The two women performed their unique duties acting as each other in "a complex game of commercial and aesthetic exchange." They were each inside an enclosed space which was visible to the street and anyone passing by could gain access to the spaces.

== Recording and presentation ==
The experiences of both Abramović and the prostitute were registered using separate 16-mm cameras. Their captures were shown at the De Appel Museum at a later date.

More recently, Role Exchange has been presented in museums and collections as a diptych of black and white photographs, each picturing one of the respective women in their swapped place.

The work was featured as a part of Marina Abramović's Museum of Modern Art exhibit "The Artist is Present", where she notoriously sat immobile in the museum's atrium for 700 hours inviting visitors to come sit across from her.

== Themes ==

=== Doorways and windows ===
An important aspect of Role Exchange is the use of windows and doorways, which act as "multilayered metaphors for the interface between public and private spaces, commerce and sexuality, the voyeur and the spectacle, the artists and the prostitute, and the self and the other." This work uses windows and doorways as architectural analogies to illuminate the connection that Abramović creates between the world of art and prostitution.
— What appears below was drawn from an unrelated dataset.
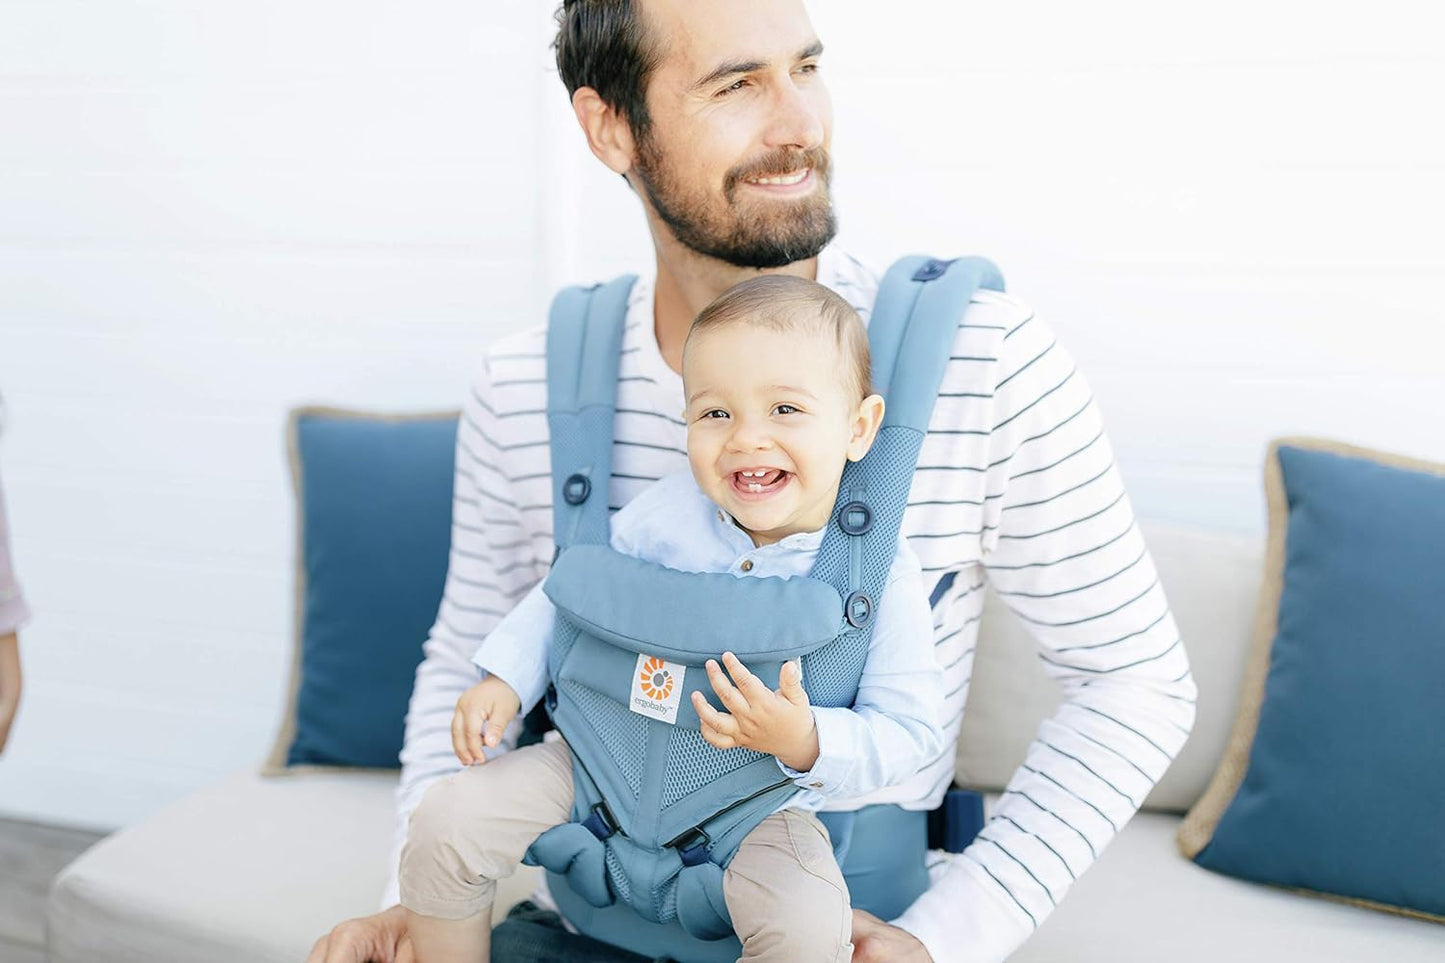 Ergobaby Omni 360 All-Position Baby Carrier for Newborn to Toddler with Lumbar Support & Cool Air Mesh (7-45 Lb), Onyx Black 6.18x9.13x10.43 Inch (Pack of 1)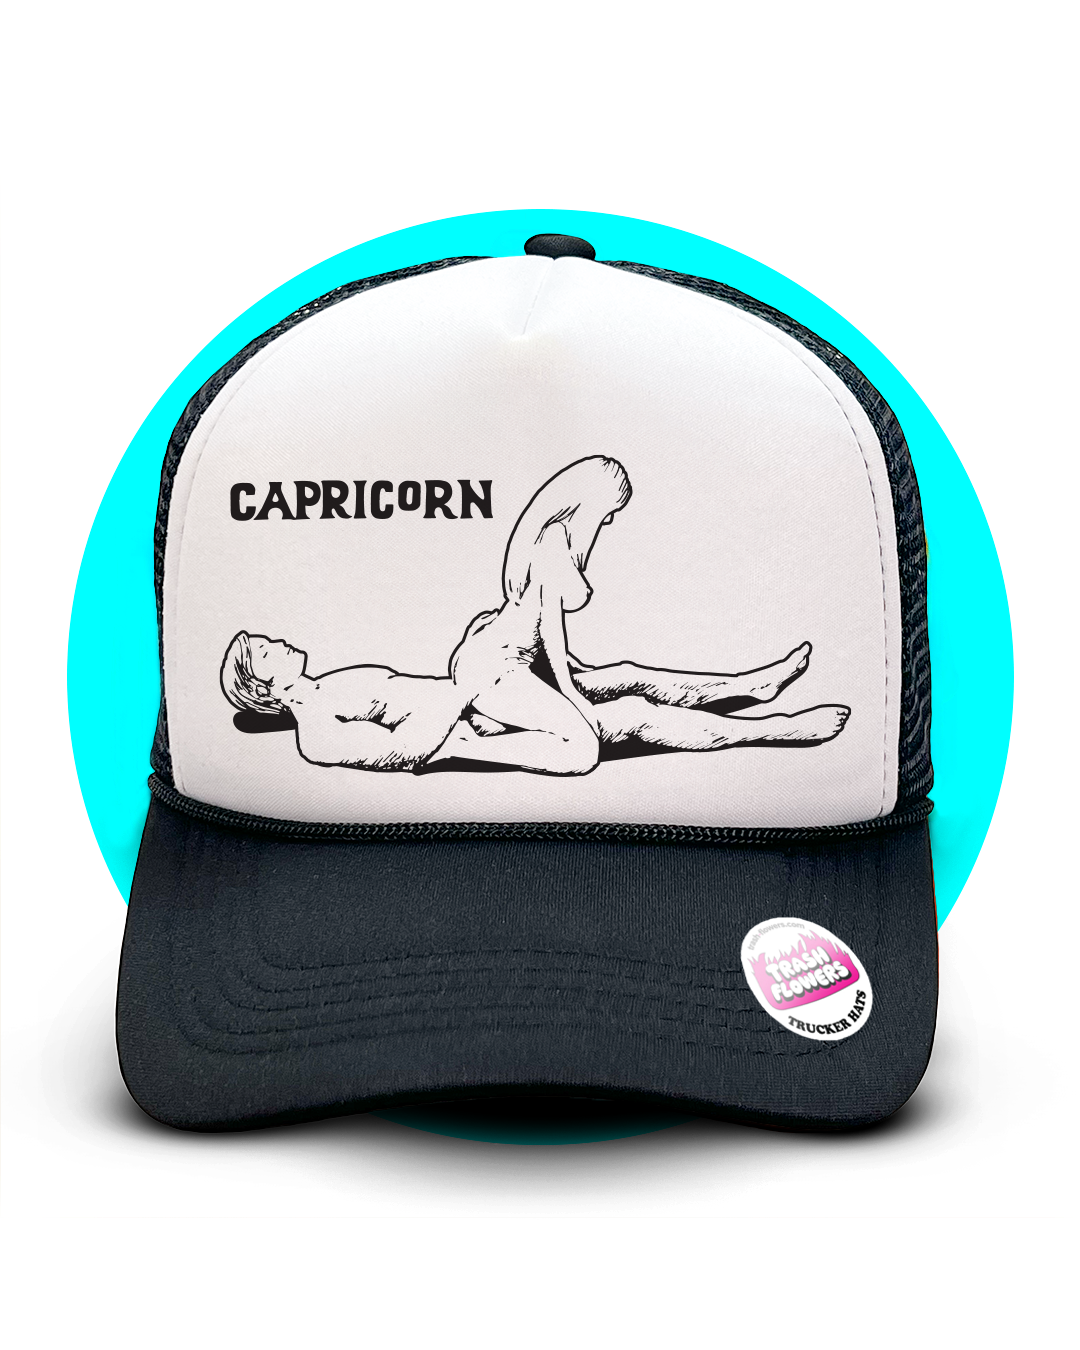 What's Your Sign? Zodiac Trucker Hat

The windows also function as a barrier between the public world of men (the street) and the semi private world of women (the world of the brothel) which men often infiltrate as a space to access the realm of commercial desire. Similarities are drawn between the picture window in the Red Light District and that of the gallery, as one separates the space of eroticism and fantasy, while the other "emphasizes the space of aesthetic containment."

Apart from their literal meaning as passageways from the street to the interior, whether that be the gallery or the prostitute's space, doorways are symbolic of the threshold by which commerce is conducted. The nature of this commercial exchange is key to the reinforcement of areas of containment used for the indulgence of erotic pleasures, in the case of the prostitute, and aesthetic ones, with regards to the art exhibit.

=== Challenging the art world ===
In Abramović's performance, "playing the game of institutional travesty is a moving force and a transparent manifestation of the work's objective." Role Exchange engages with the concerns of conceptual art, and in this piece she expands the institutional critique by strictly referencing the idea of trade. She moves against the art world in Role Exchange not aimed solely against it and its system of trade but also against the work itself "as an active factor in corroborating with this system of trading."

Role Exchange also plays on the idea of 'real experience' away from the gallery and its surroundings, and rather through appropriating the prostitutes identity and her place of work. The perception of the prostitutes display as a trope for distorted freedom ultimately determines Abramović's choice of identity.

This leads her to explore the question of freedom in the realm of art, a space where strict rules forces artists to settle for the conditions of the art market. Abramović questions artistic institutions as the place of reference for artworks and the nature of the artwork itself, leading her to look into new conceptual spaces for the process of art communication.

Role Exchange proposes that there be a space for critical work outside of galleries or museums, as by being performed only once Abramović is refusing to participate in the contemporary art system where there is a "crucial requirement of durability and timelessness." Through this work, she also looks into the possibility of "contaminating" the pristine museum with the raw reality of life and everyday experience.